Pallant v. Sinatra, 7 F.R.D. 293, 300 (S.D.N.Y. 1945); see also Harlee v. Hagen, 538 F. Supp. 389, 393 (E.D.N.Y. 1982). The Mutis seek to hold CPUC and Chuuk jointly liable for the use of their land. The Mutis thus had the right to file and serve their May 31, 2021 amended complaint without seeking leave of court.
2. Amended Complaint's Alleged Futility
CPUC further contends that the amended complaint should be stricken because the amended complaint does not cure the original complaint's defects and therefore the attempted amendment is futile.
When a plaintiff moves to amend a complaint, "[a]lthough a court should exercise its discretion liberally to allow amended pleadings, a motion to amend a complaint may be denied if it is futile." Tom v. Pohnpei Utilities Corp., 9 FSM R. 82, 87 (App. 1999). But "[w]hen the plaintiff has the right to file an amended complaint as a matter of course, however, the plain language of Rule 15(a) shows that the court lacks the discretion to reject the amended complaint based on its alleged futility." Williams, 477 F.3d at 1292 n.6 (emphasis in original).
The court must therefore deny the motion(s) to strike the Mutis' amended complaint. The Mutis filed their amended complaint as a matter of right and the court therefore lacks the discretion to reject it based on its alleged futility. Thus, the court cannot rule now on the merits of CPUC's arguments in its motion to strike, its reply, and its rejoinder, regardless of how meritorious they might be.
B. Other Motions
The Mutis' May 31, 2021 Amended Complaint is thus the operative pleading. It supersedes the original complaint. Its filing made CPUC's motion to dismiss the original complaint obsolete. "As the amended complaint supersedes the original complaint no motion of any kind can now be addressed to the original complaint as it performs no function in the action . . . ." United States v. Shofner Iron & Steel Works, 71 F. Supp. 161, 162 (D. Or. 1947), rev'd on other grounds, 168 F.2d 286 (9th Cir. 1948). The court will thus make no ruling on the merits of the motion to dismiss the original complaint.

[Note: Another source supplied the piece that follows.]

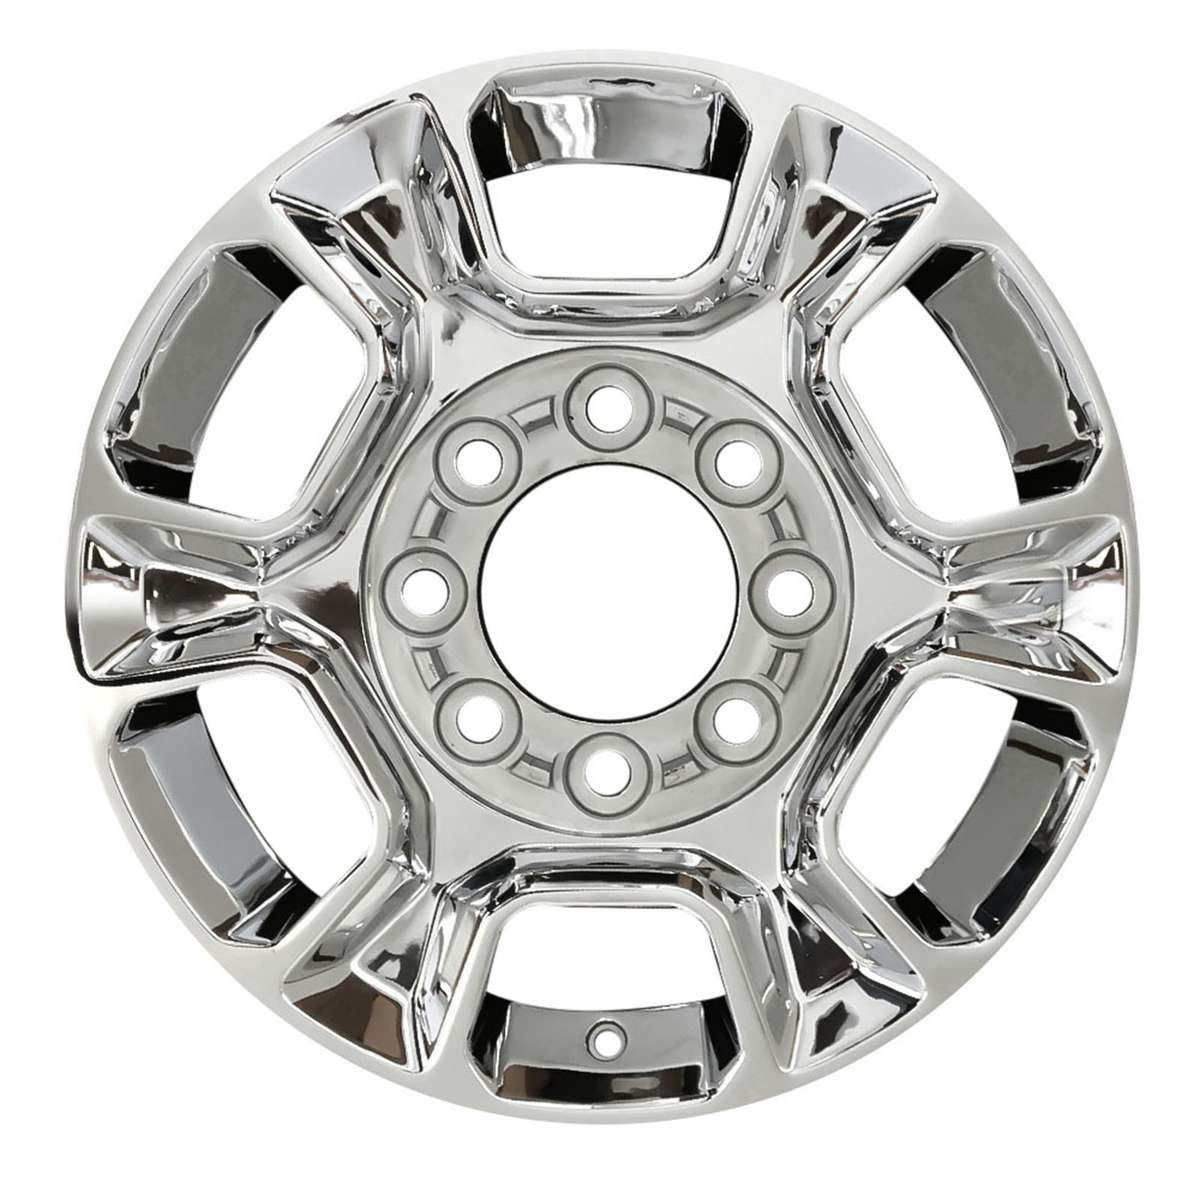 2015 GMC Sierra 2500 18" OEM Wheel Rim W97376CHR

Since the Mutis' May 31, 2021 Amended Complaint is the operative pleading, the Mutis' motion to strike Chuuk's answer to the original complaint and to file their amended complaint are now both nullities.
C. Scheduling Order
Since the Mutis' May 31, 2021 Amended Complaint is now the operative pleading, the court hereby gives the defendants, CPUC and Chuuk, until September 2, 2021, to answer or otherwise defend against the Mutis' amended complaint.
CPUC's motion to strike the plaintiffs' amended complaint is denied, and the defendants are given to September 2, 2021, to answer or otherwise defend against the amended complaint.
_______________________________Footnotes:
1 Although the court must first look to FSM sources of law, FSM Const. art. XI, § 11, when an FSM court has not previously construed an FSM civil procedure rule which is identical or similar to a U.S. counterpart, it may look to U.S. sources for guidance in interpreting the rule. In re Sanction of Sigrah, 19 FSM R. 305, 311 n.1 (App. 2014); George v. Albert, 17 FSM R. 25, 31 n.1 (App. 2010); Berman v. College of Micronesia-FSM, 15 FSM R. 582, 589 n.1 (App. 2008).